The end result was that the pilot holes on both screws did not really start off on centre so by the time I started opening the holes up with 3mm and 4mm bits it was clear that the holes were going very awry.  The other issue is of course that with the hub being aluminium the drill bits found it much easier to slip off the hard steel surface of the screw and chew their way through the softer aluminium.


Opening up initial pilot holes...

By the time I got to the 5mm bit, I realised I needed a Plan B, as the result was that I was drilling out about 3/4 of the area of the screw and the rest of the hole was through the aluminium hub.

Plan B was to use a Helicoil kit (thanks to that well known on-line retailer and their next day delivery service).  Helicoil inserts are a threaded metal insert used to repair stripped threads; the stripped hole is drilled oversize and tapped for the metal insert which is then inserted into the tapped hole to reinstate the original thread.

My logic for this approach was that by drilling the hole slightly oversize for the Helicoil that this would allow me to remove all the remaining portion of the screw thread from my misaligned drilling.


Helicoil Kit - includes drill, tap, insertion tools and a selection of inserts

The hole in the hub should be an M6x1.0 thread so the first step was to drill out the hole using the supplied drill bit for the corresponding insert.


Prior to drilling - misaligned attempt to drill out screw is clearly visible!


After drilling - operation didn't quite clear out all of the remaining screw

Next step is to tap the holes for the Helicoil inserts using the tap provided for the M6 inserts.


Tapping holes for inserts.  During...


...and after

Next stage is to insert the Helicoil.  The inserts have a small tang on the bottom of them which is inserted into the slot on the appropriate sized insertion tool.  This is then used to twist the insert into the threaded hole until the insert is approximately half a turn below the surface.  Care needs to be taken to allow the insert to thread itself into the hole without applying too much downward pressure.  My first attempt unwound the bottom of the insert... Fortunately, it was not too far into the hole and I managed to extract it without too much excitement.

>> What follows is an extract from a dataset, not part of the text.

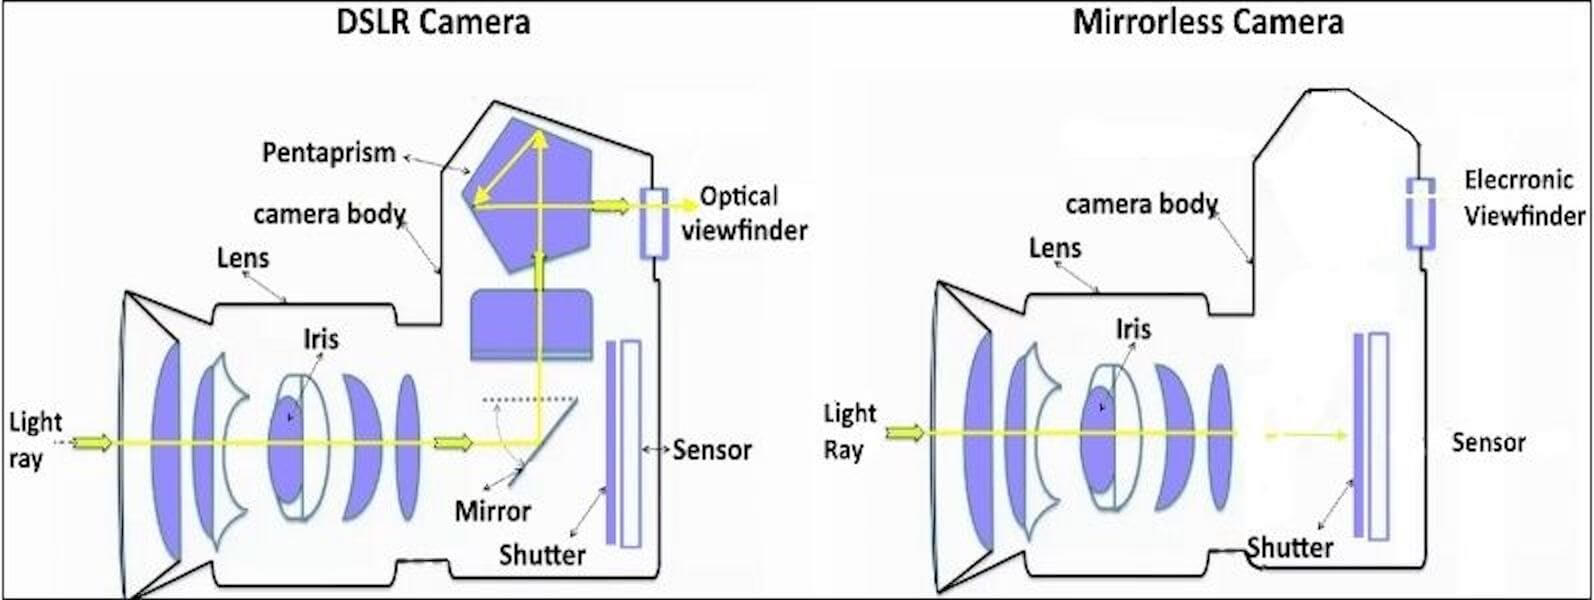 什么是反光镜相机 - 反光镜相机VS DSLR  - 图

M6 threaded insert in place on the insertion tool

The final step is to use the punch supplied with the kit and a sharp tap with a hammer to break the tang off the bottom of the insert.  


One repaired hole!

Replacement screw fits perfectly!

In the end, it was not as traumatic a job as I was expecting it to be (although equally, it was not a simple as I would have hoped...).  Both holes are now repaired albeit both are slightly off from where they were originally.  Hopefully, the brake backing plate will still line up - if worst comes to worst I may have to slightly oversize the holes in the backing plate.

Right, time for a cup of tea to celebrate.